Стремясь обозначить непрерывность искусства, его движение, смену структур, В. Шкловский вводит понятие «конвенция» (договор, условие, соглашение). Само по себе введение нового термина не означает еще движения теории вперед, тем более что содержание этого термина в книге недостаточно раскрыто. «Законы, определяющие значения частей в предвиденных контекстах, в дальнейшем я буду называть «конвенциями», то есть условиями, известными и автору данной системы сигналов, и тем, кто воспринимает. Одна измененная черта сходного своею несходностыо, разным образом даваемой, может изменить всю систему». Есть в этом определении элемент, подразумевающий заданность, рассудочность творчества. Но дело не только в этом. Определение «структуры», которую В. Шкловский отделяет от понятия «конвенция», почти дословно совпадает с только что процитированным определением: «... понятие структуры, то есть понятие такого взаимодействия частей, которое определяет друг друга таким образом, что изменение одной части вызвало бы изменение смысла и значения всех других частей». В дальнейшем В. Шкловский непомерно расширяет значение термина «конвенция», и он начинает поглощать другие понятия теории литературы.

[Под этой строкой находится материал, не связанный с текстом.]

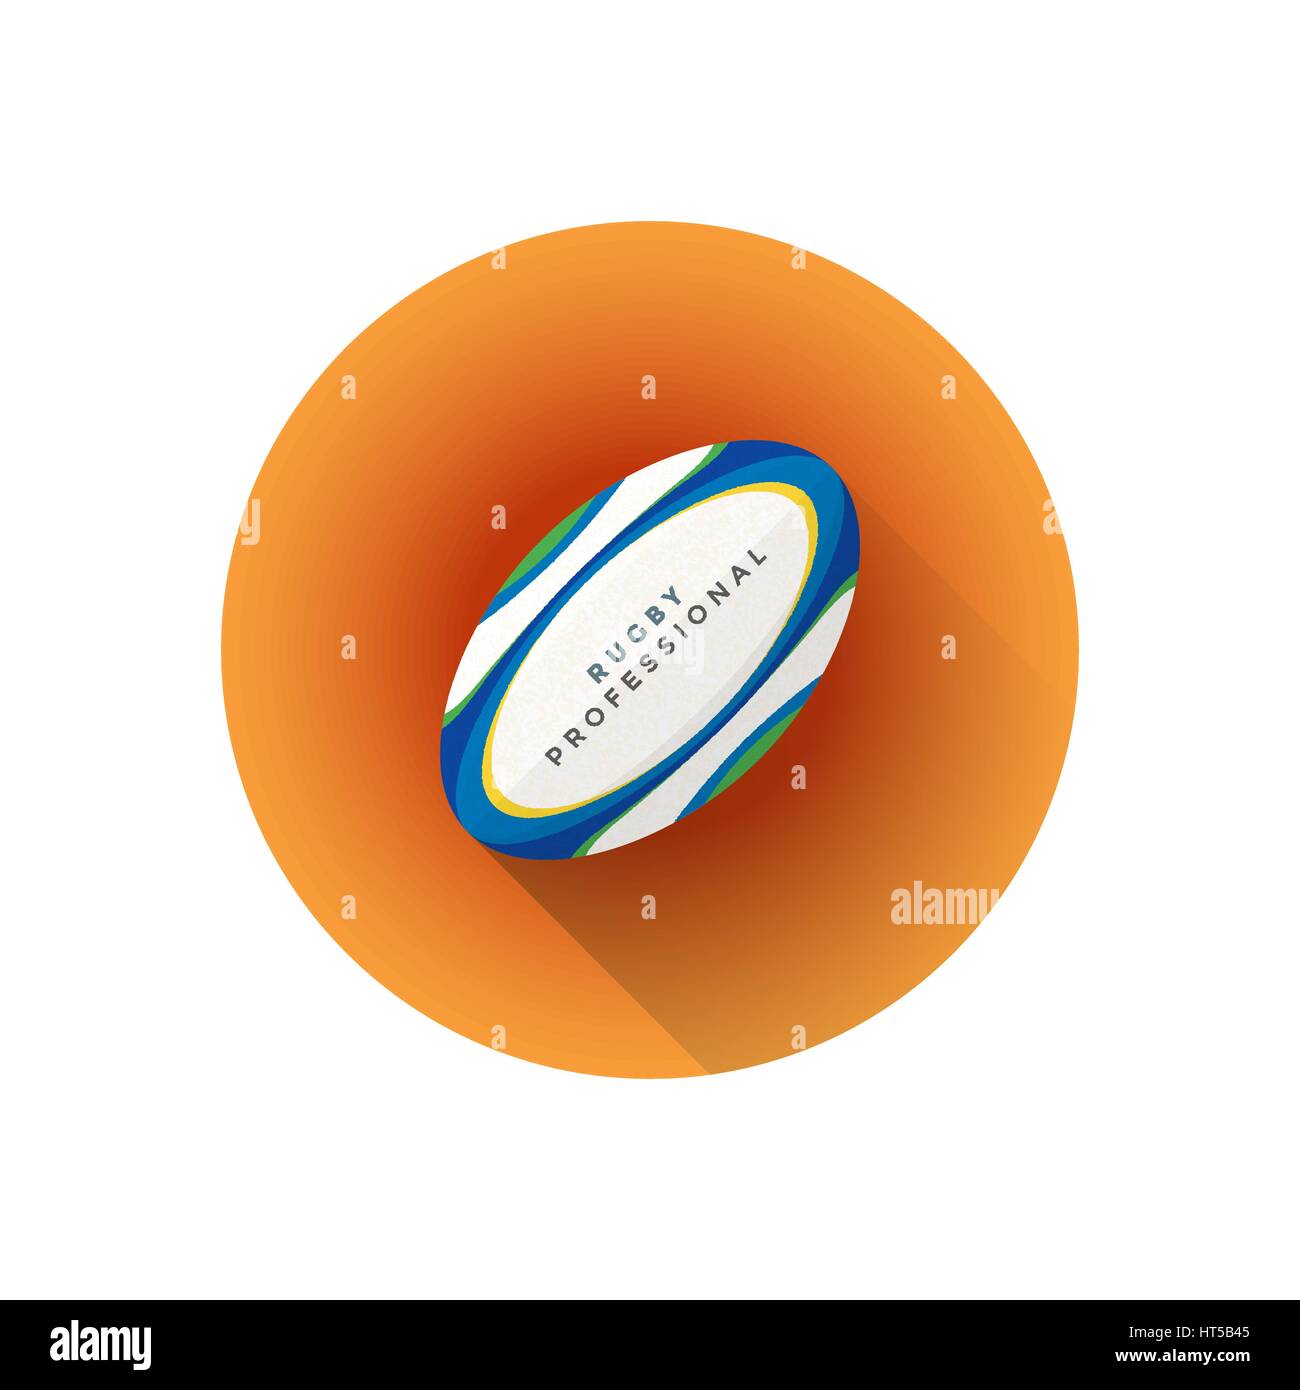 Vektor bunte flache Design professionelle Rugby-Ball isolierte Abbildung braunen Hintergrund Kreissymbol mit langen Schatten Stock Vektor

Дело, конечно, не в определениях, определения важны не сами по себе, а потому что понятия — это своеобразные ступени познания. И важно знать взаимозависимость и взаимопереходы понятий в концепции автора. Понятие «конвенция» у В. Шкловского — всеохватывающее: это и условность искусства вообще, и направление в искусстве, и индивидуальное своеобразие художника, и элементы художественных структур. Привлекательность этого термина для В. Шкловского состоит, вероятно, в том, что этим понятием он может наконец стянуть воедино автора, произведение и читателей, зрителей, слушателей. Для того чтобы выявилась социальная природа искусства, необходим диалог, а следовательно, взаимопонимание. Не знаю, лучше ли этот термин, чем термин «условность», но встреча этих понятий безусловно плодотворна. Понятия сошлись, столкнулись, осветили друг друга, пробудили задремавшие было значения и смыслы.

Виктор Шкловский уже давно «примерялся» к мысли о том, что исследование жизни «человека не на своем месте» — очень широкая «конвенция» искусства. В двадцатые годы он писал: «Человек не на своем месте — древнейшая тема в искусстве».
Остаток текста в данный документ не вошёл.